I'm sorry for asking such a foolish question, but it's something that has been intriguing me and my friends.

Do we use nominative or accusative as a complement to the verb sum?

Which one is written correctly:

_Vulgus laetus est_ or
_Vulgus laetum est_. ?

_Roma patria est_ or
_Roma patriam est_ ?

I tend to think in the accusative as a direct object, and state verbs don't have objects, or at least I think so. Am I wrong in any way? Does this kind of verb admit the accusative?

Thanks in advance.
Best regards.


----------



## Cagey

You are correct that words like _sum_ (_am_) and _fio _(_become_) take the nominative in Latin.  However, I would not call them 'stative' verbs, I would call them 'linking verbs' or 'copular verbs'.  Other people may have other terms for them.


----------



## Kevin Beach

Even in English the verb "to be" takes the nominative as its second pronoun.

"It is I", not "It is me", colloquial usage notwithstanding.


----------



## belvidere

The predicate may be an adjective, as in your example using "laetus", or a noun that "re-names" the subject it complements.  The nominative case is used as stated above.


----------



## CapnPrep

It is more accurate to say that the nominal/adjectival complement of _esse_ has the same case as its subject. Conjugated forms of the verb have a nominative subject (and thus a nominative complement), but the infinitive _esse_ has an accusative subject and an accusative complement.


----------



## lacrimae

Vulgus laetus  isn't correct because "vulgus" is neuter. The correct form is Vulgus laetum est, but laetum is nominative in this case.


----------



## diamanti

_*Vulgus*_ rarely is masculine. (And _*vulgu, *_abl. sing. _eteroclito_)


----------



## Laranja

lacrimae said:


> Vulgus laetus  isn't correct because "vulgus" is neuter. The correct form is Vulgus laetum est, but laetum is nominative in this case.

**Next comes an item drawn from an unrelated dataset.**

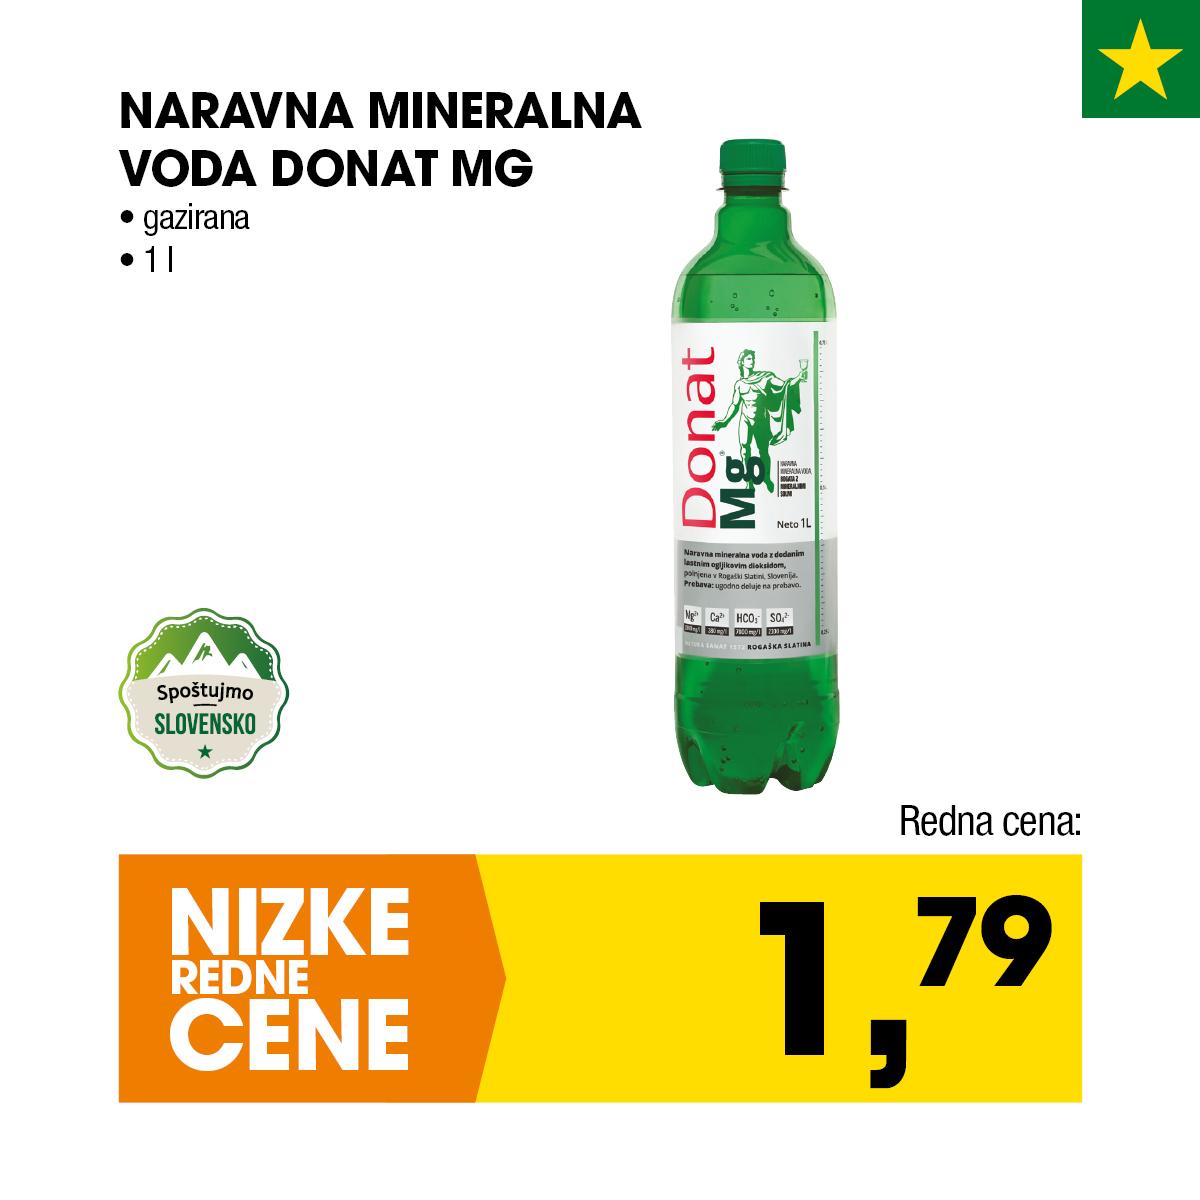 Gazirana naravna mineralna voda Donat MG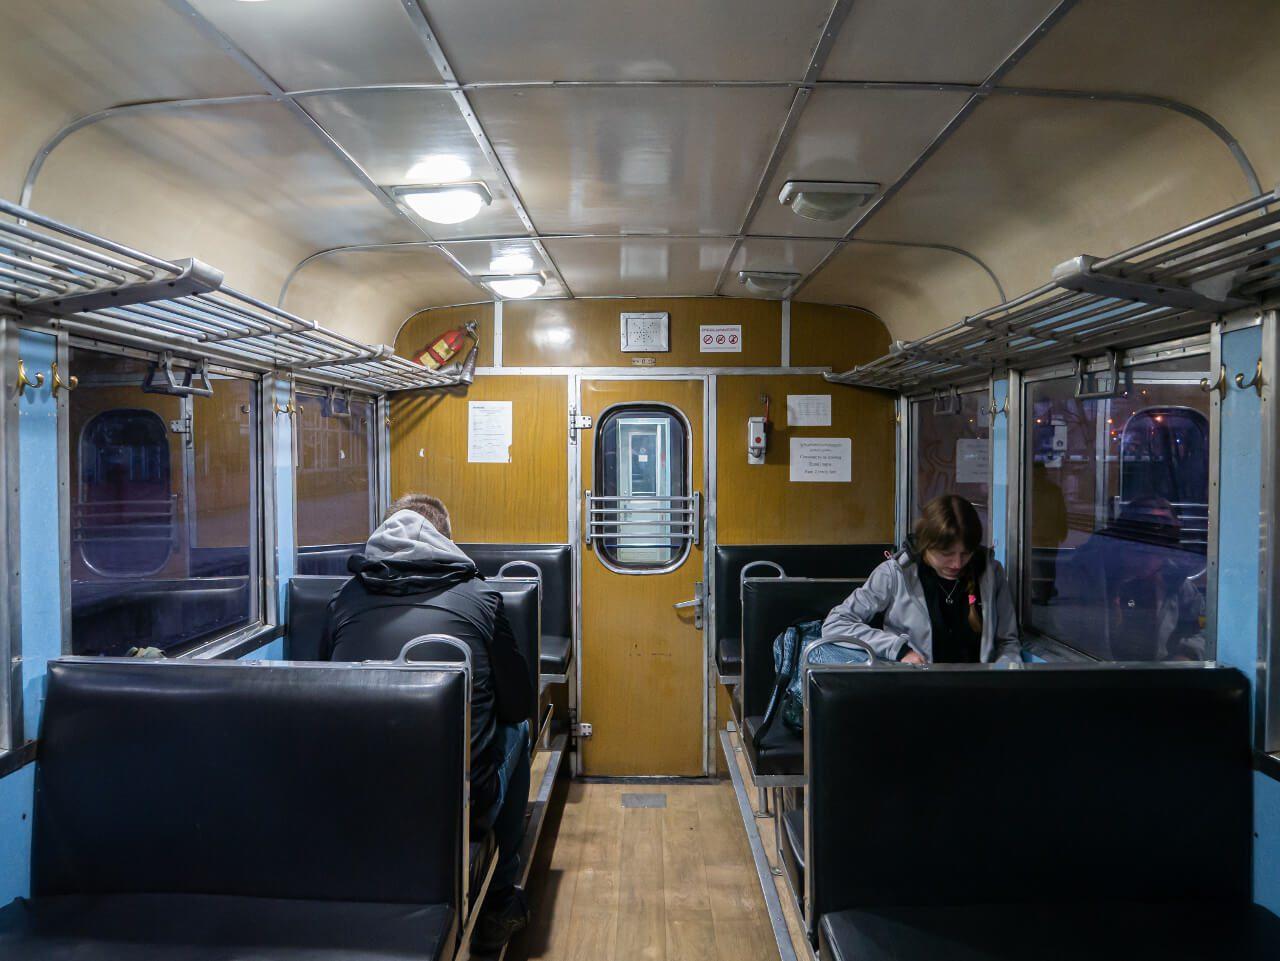 Wnętrze wagonu pociągu Borjomi - Bakuriani

I don't understand why "laetum" is nominative. I thought the nominative form of this word would always be "laetus".


----------



## Cagey

The nominative form depends on the gender of the noun being described.  For _laetus_, the nominative forms are:_laetus_ (masculine)
_laeta_ (feminine)
_laetum_ (neuter)​The masculine accusative is _laetum_, too.   That may be the source of your original question, that in _Vulgus laetum est_, _laetum_ appeared to be an accusative.


----------



## Laranja

Now I got it.
Thanks a lot for your help.

Have a good time.


----------